- Also known as: Scoe
- Born: David Brown Williams 1983 (age 42–43) Philadelphia, Pennsylvania, U.S.
- Origin: Los Angeles, California, U.S.
- Genres: Hip hop; gangsta rap; G-funk;
- Occupations: Rapper
- Years active: 1999–present
- Labels: Priority Records; Capitol Records; Doggystyle;

= Roscoe (rapper) =

American rapper

David Brown Williams (born 1983), better known by his stage name Roscoe, is an American rapper.

He released his debut album, Young Roscoe Philaphornia, in 2003, with the album debuting at #148 on the Billboard 200.

== Career ==

Roscoe was initially introduced to hip hop by his older brother Kurupt. At the time, Kurupt was signed to Death Row Records and was working on his debut album Dogg Food as one member of Tha Dogg Pound. Roscoe made his first appearance on his brother's album Tha Streetz Iz a Mutha, featuring on the vocals "I Call Shots" and "Girls All Pause" along with Nate Dogg. Daz Dillinger was impressed with Roscoe and helped to produce his debut mixtape, "When The Pain Inflict", released in 2001. Following its positive reception, Roscoe signed to Priority Records and went on to release the album Young Roscoe Philaphornia in 2003. The album peaked at #22 on the Top R&B/Hip-Hop Albums chart.

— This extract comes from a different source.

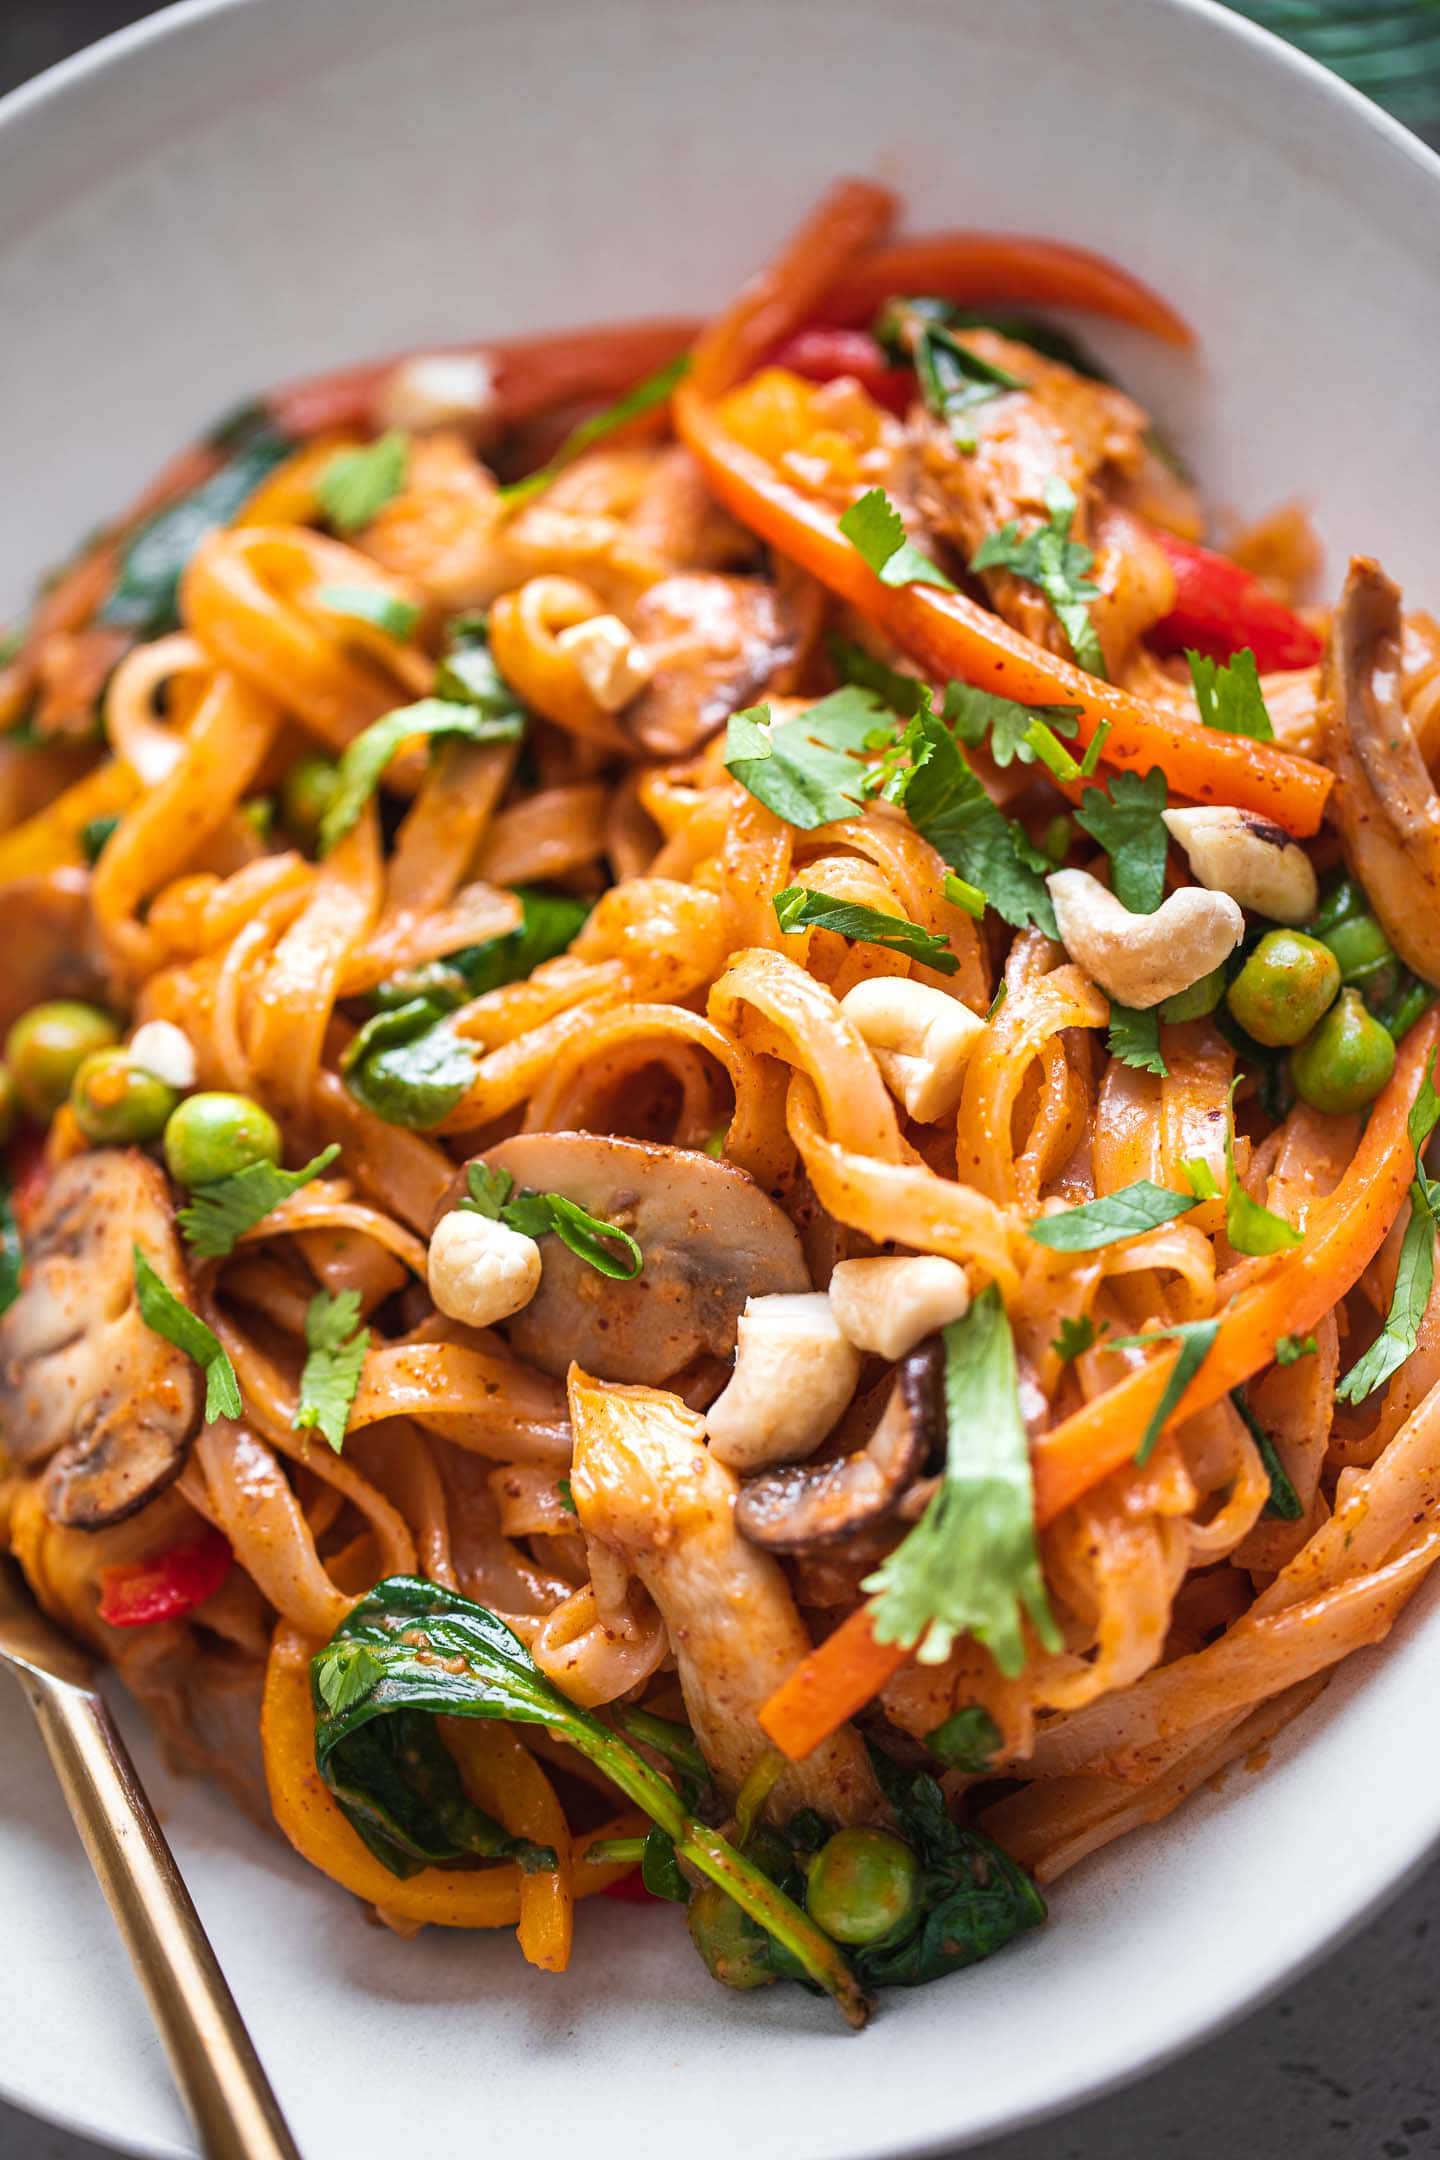 Closeup of stir-fried noodles with vegetables and coconut sauce

On October 17, 2013, Roscoe released his mixtape Tha Influence, featuring guest appearances from Xzibit and Kendrick Lamar. The mixtape features production by Best Kept Secret, Bink!, Charlie Red 3000, Fingazz, Hi-Tek, Jahlil Beats, Jake One, Just Blaze, Mike WiLL Made It, Nottz, Statik Selektah and Tone Mason.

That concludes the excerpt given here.